I was pretty blown away by the demo. From the first note of that lonely, haunting guitar intro all the way through the heightened tension of the instrumental outro — that was all in his original version, and it felt like lightning in a bottle that I had to dig in on immediately. I remember I was running errands all morning, and in the car I was bouncing back and forth between listening to the demo and recording voice memos of all the vocal melodies on my phone. By 11 AM I had the chorus lyrics and harmonies worked out, by 2 PM I was back in the studio and had all the vocals recorded pretty close to how they are on the album.”
It’s this creative efficiency and sense of intuition in songwriting that gives The Shape Of Everything its compelling power. The intentional, self-imposed paradigm of minimalism, the aim to reduce each musical idea to its emotive essence is what makes the band sound huge — and of course the flawless, modern yet incredibly warm and rich production by Will Benoit himself. The album was recorded, mixed and mastered at his own Radar Studio in Connecticut – New England’s first solar-powered recording facility.

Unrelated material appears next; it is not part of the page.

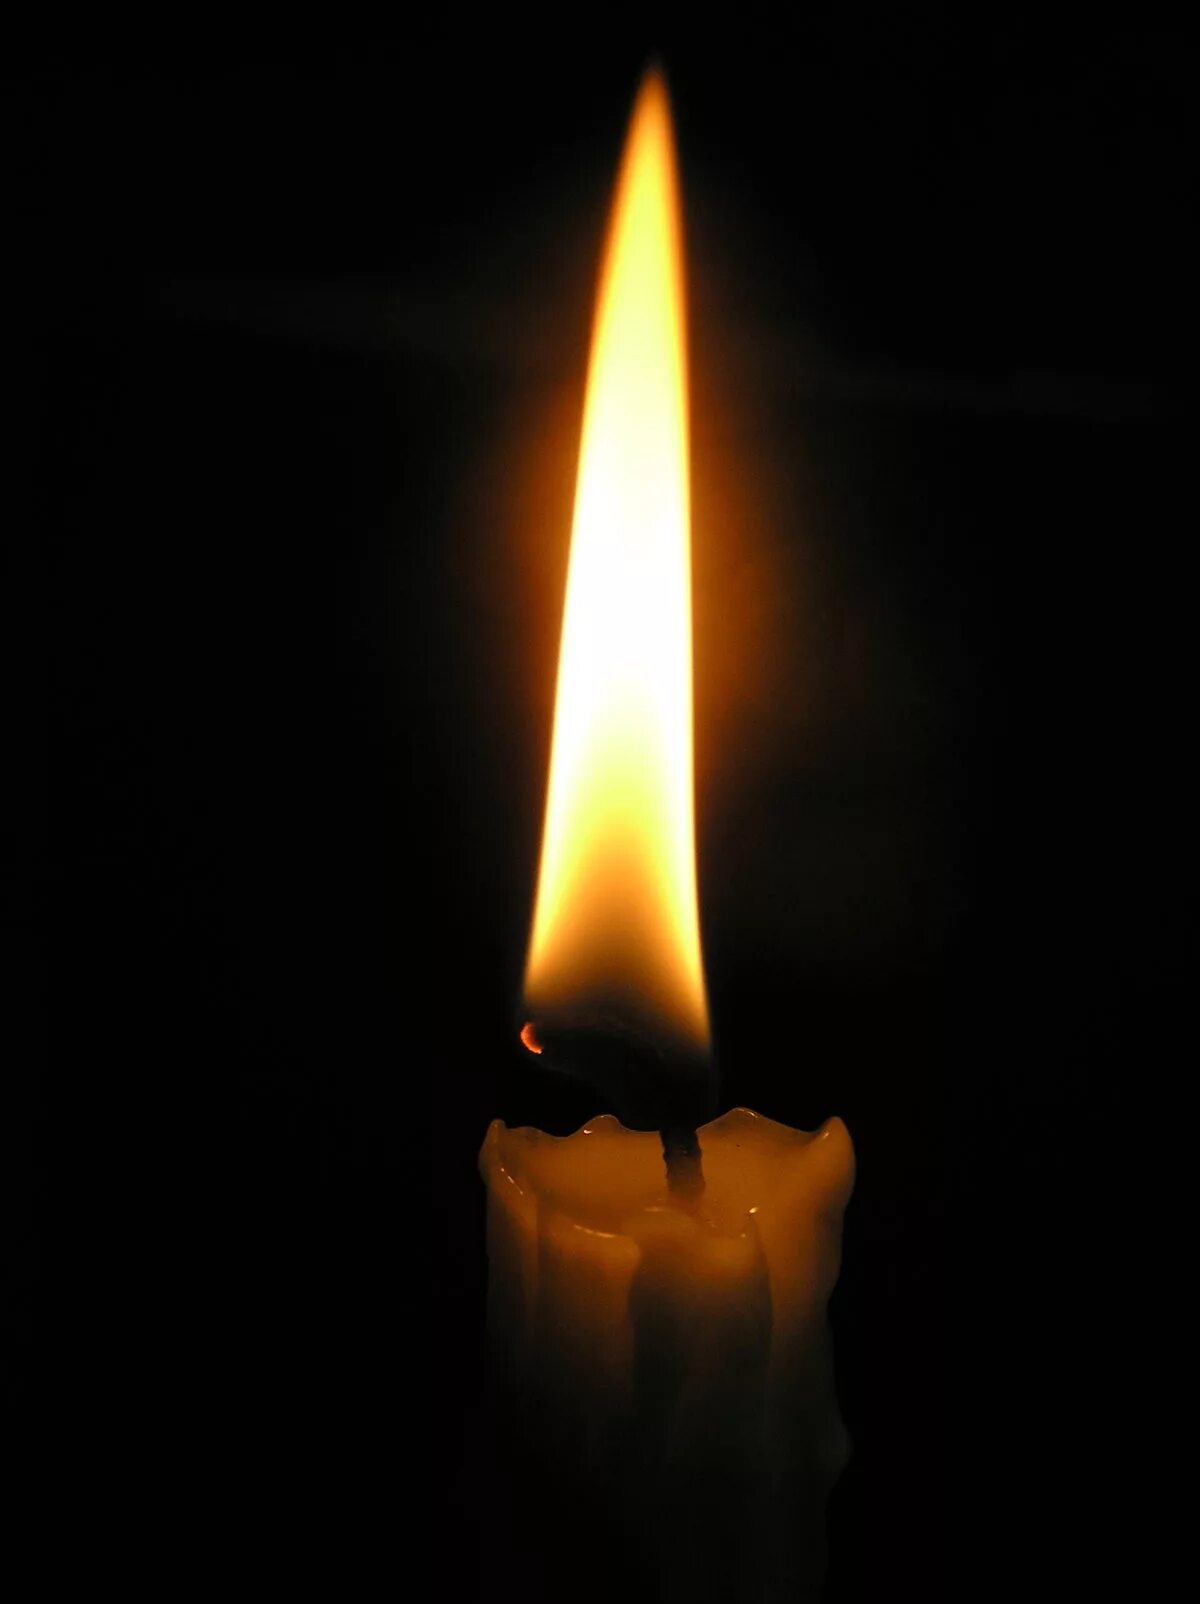 Поминальная свеча. Помпоминальная свечка. Горящая свеча в темноте. Свеча горит в темноте.

The tracks are part of SOM’s ongoing mission to “leave this place better than we found it.” Frontman Will Benoit co-founded the outfit with drummer and former Constants colleague Duncan Rich, as well as Adai founder and now-Caspian drummer Justin Forrest. While touring on The Fall, the band recruited old friends guitarists Mike Repasch-Nieves and Joel M. Reynolds, both formerly of Junius and Driftoff.
While many artists lumbered in inactivity, SOM used the darkness of recent times to create and heal. The Shape of Everything’s introspective bliss is an insight into the kind of harmony the quintet seek to cultivate in all facets of life.